No Overtime for|Pharmaceutical Sales Reps

     (CN) – Drugmakers will save billions of dollars after the Supreme Court gave them the green light Monday to classify sales representatives as “outside salesmen” ineligible for overtime.
     Such employees are also called “detailers” for their work telling physicians about new prescription drugs to drive up sales.
     Two such detailers, Michael Christopher and Frank Buchanan, filed a federal complaint in Arizona that claimed SmithKline Beecham dba GlaxoSmithKline owed them overtime pay.
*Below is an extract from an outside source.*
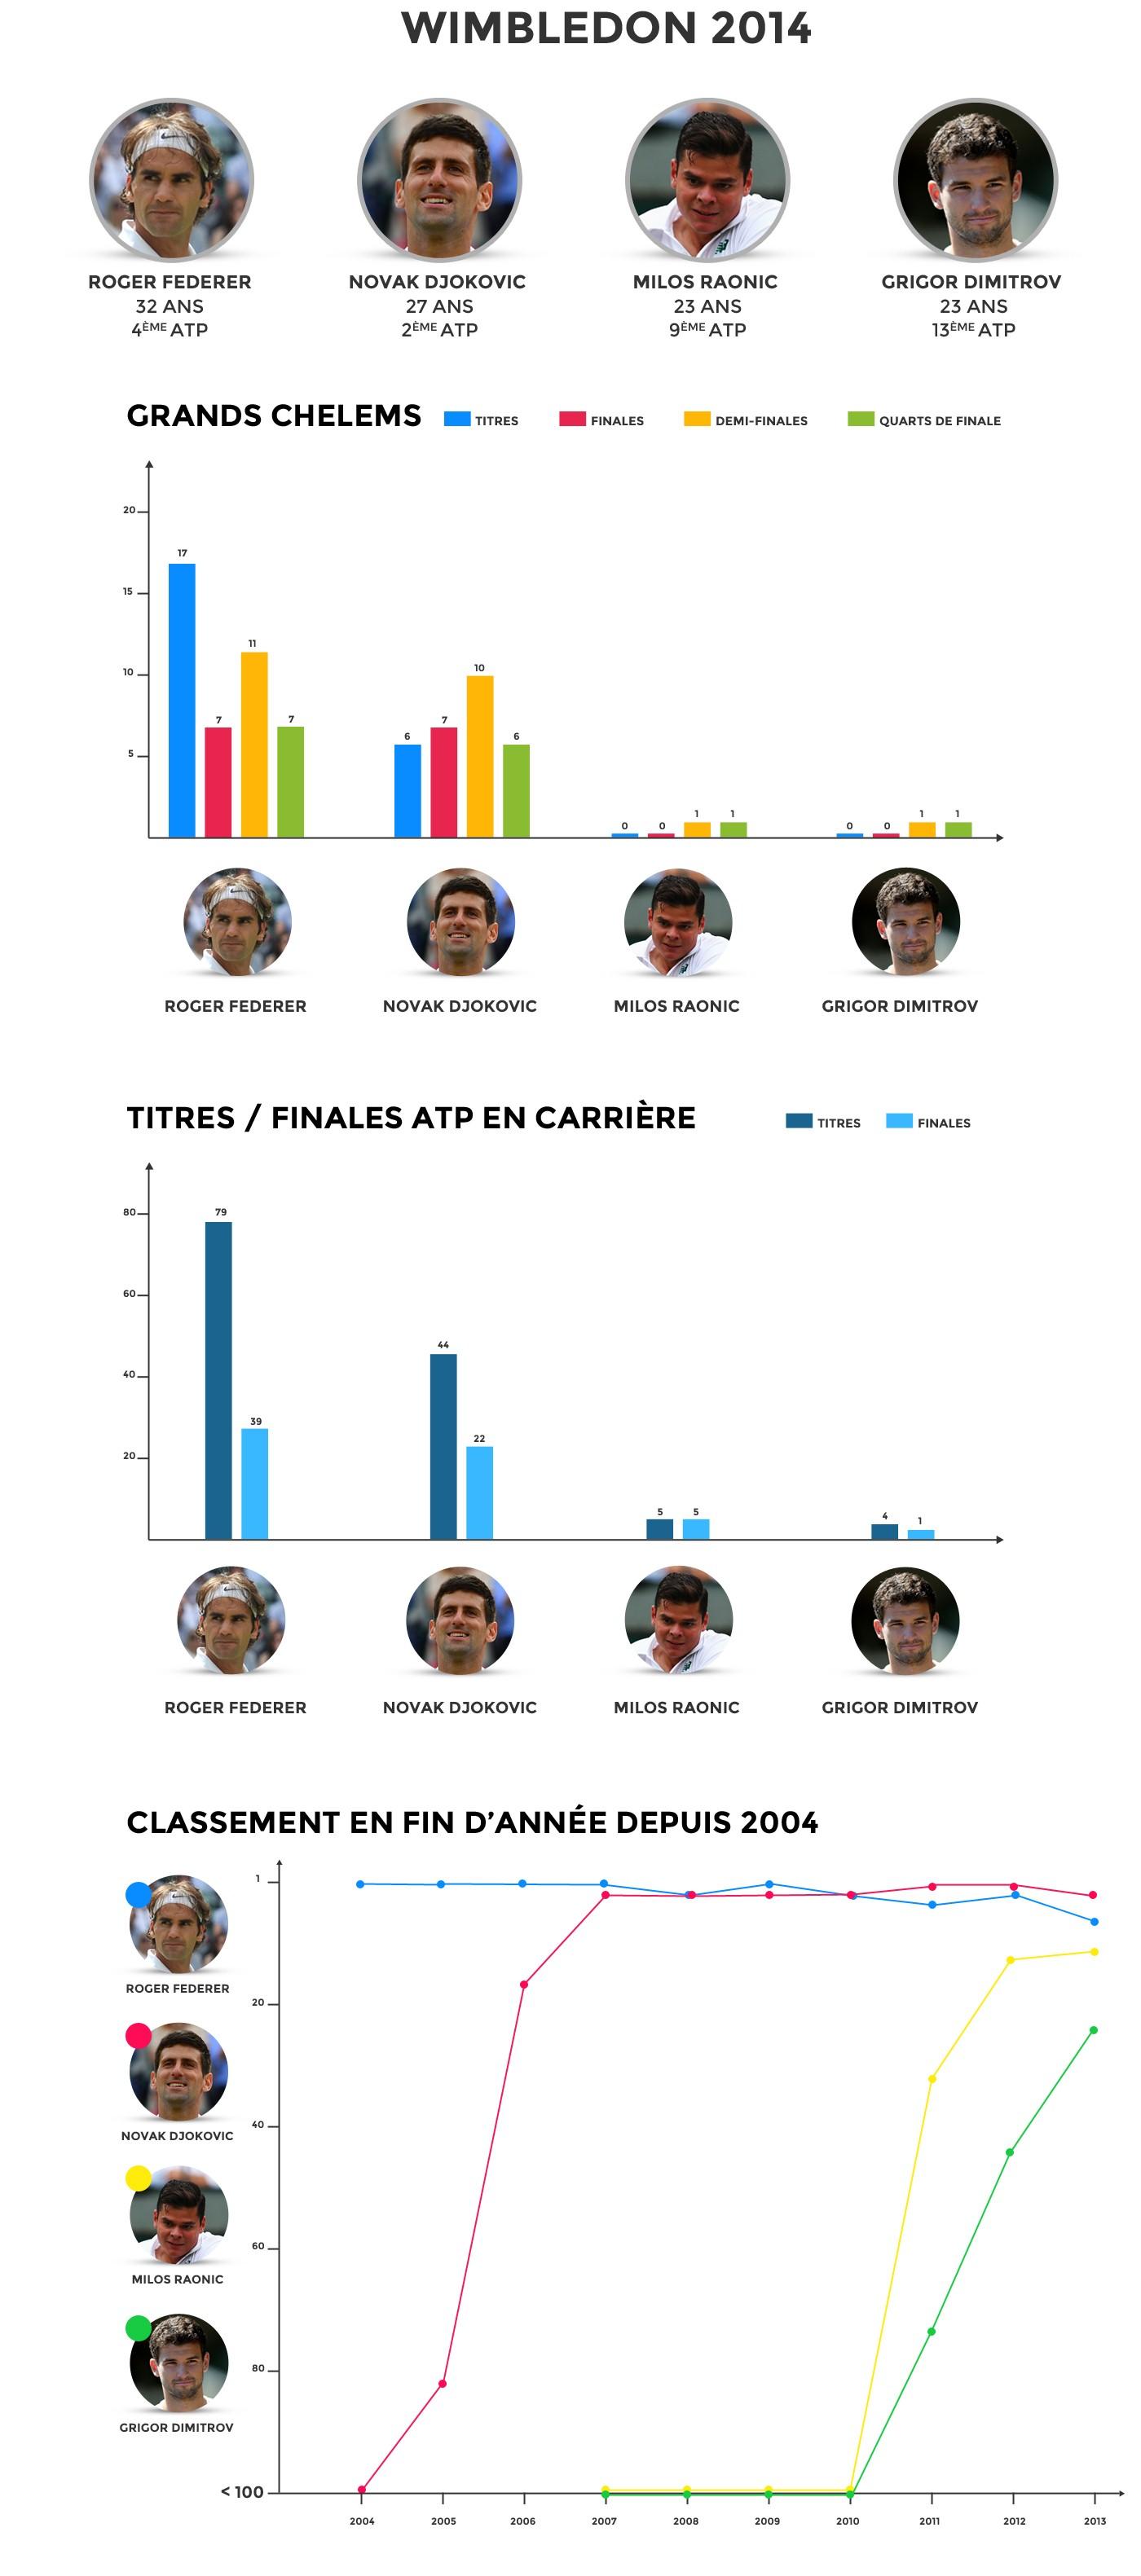 Infographie Wimbledon 2014 Federer, Djokovic, Raonic, Dimitrov

     But a federal judge granted the drugmaker summary judgment after applying an exemption of the federal Fair Labor Standards Act that relates to outside salesmen.
     The 9th Circuit affirmed in February 2011, noting that the workers follow a commission-based model that has existed for 70-plus years.
     “PSRs are driven by their own ambition and rewarded with commissions when their efforts generate new sales,” the decision states, abbreviating pharmaceutical sales representatives. “They receive their commissions in lieu of overtime and enjoy a largely autonomous work-life outside of an office. The pharmaceutical industry’s representatives – detail men and women – share many more similarities than differences with their colleagues in other sales fields, and we hold that they are exempt from the FLSA overtime-pay requirement.”
     But this decision contradicted one involving Novartis sales reps seeking overtime that Supreme Court refused to disturb about a week earlier.
     The issue has been a divisive one for the courts. Federal courts in the 3rd Circuit have applied the so-called “administrative exemption” to sales reps in overtime cases against Abbot Laboratories, Johnson & Johnson, AstraZeneca and Alpharm. Just last month, the 7th Circuit sided with the drugmakers Eli Lilly & Company and Abbot Labs over similar claims.
     In rejecting the sales reps’ claims Monday, the Supreme Court noted that the Department of Labor has “never initiated any enforcement actions with respect to detailers or otherwise suggested that it thought the industry was acting unlawfully.”
     “There are now approximately 90,000 pharmaceutical sales representatives; the nature of their work has not materially changed for decades and is well known; these employees are well paid; and like quintessential outside salesmen, they do not punch a clock and often work more than 40 hours per week,” Justice Samuel Alito wrote for the majority. “Other than acquiescence, no explanation for the DOL’s inaction is plausible.”
     Yet despite this history, the department turned around in 2009 and fought classification of pharmaceutical detailers as “exempt outside salesman” in an amicus brief filed with the 2nd Circuit.
     And though the department took this position again in its 9th Circuit brief, its reasoning changed in its brief to the Supreme Court.
     The Supreme Court majority refused to defer to this new reasoning.
     “We find the DOL’s interpretation of its regulations quite unpersuasive,” Alito wrote. “The interpretation to which we are now asked to defer – that a sale demands a transfer of title – plainly lacks the hallmarks of thorough consideration. Because the DOL first announced its view that pharmaceutical sales representatives do not qualify as outside salesmen in a series of amicus briefs, there was no opportunity for public comment, and the interpretation that initially emerged from the department’s internal decisionmaking process proved to be untenable. After arguing successfully in the Second Circuit and then unsucessfully in the Ninth Circuit that a sale for present purposes simply requires a ‘consummated transaction,’ the DOL advanced a different interpretation in this court. Here, the DOL’s brief states unequivocally that ‘[a]n employee does not make a “sale” for purposes of the “outside salesman” exemption unless he actually transfers title to the property at issue.’
     “This new interpretation is flatly inconsistent with the FLSA, which defines ‘sale’ to mean a ‘consignment for sale.’ A ‘consignment for sale’ does not involve the transfer of title.”
     But the dissenting justices said detailers are simply not sales outside salesman.
     “Unless we give the words of the statute and regulations some special meaning, a detailer’s primary duty is not that of ‘making sales’ or the equivalent,” Justice Stephen Breyer wrote, joined by Justices Ruth Bader Ginsburg, Sonia Sotomayor and Elena Kagan. “A detailer might convince a doctor to prescribe a drug for a particular kind of patient. If the doctor encounters such a patient, he might prescribe the drug. The doctor’s client, the patient, might take the prescription to a pharmacist and ask the pharmacist to fill the prescription. If so, the pharmacist might sell the manufacturer’s drug to the patient, or might substitute a generic version. But it is the pharma­cist, not the detailer, who will have sold the drug.”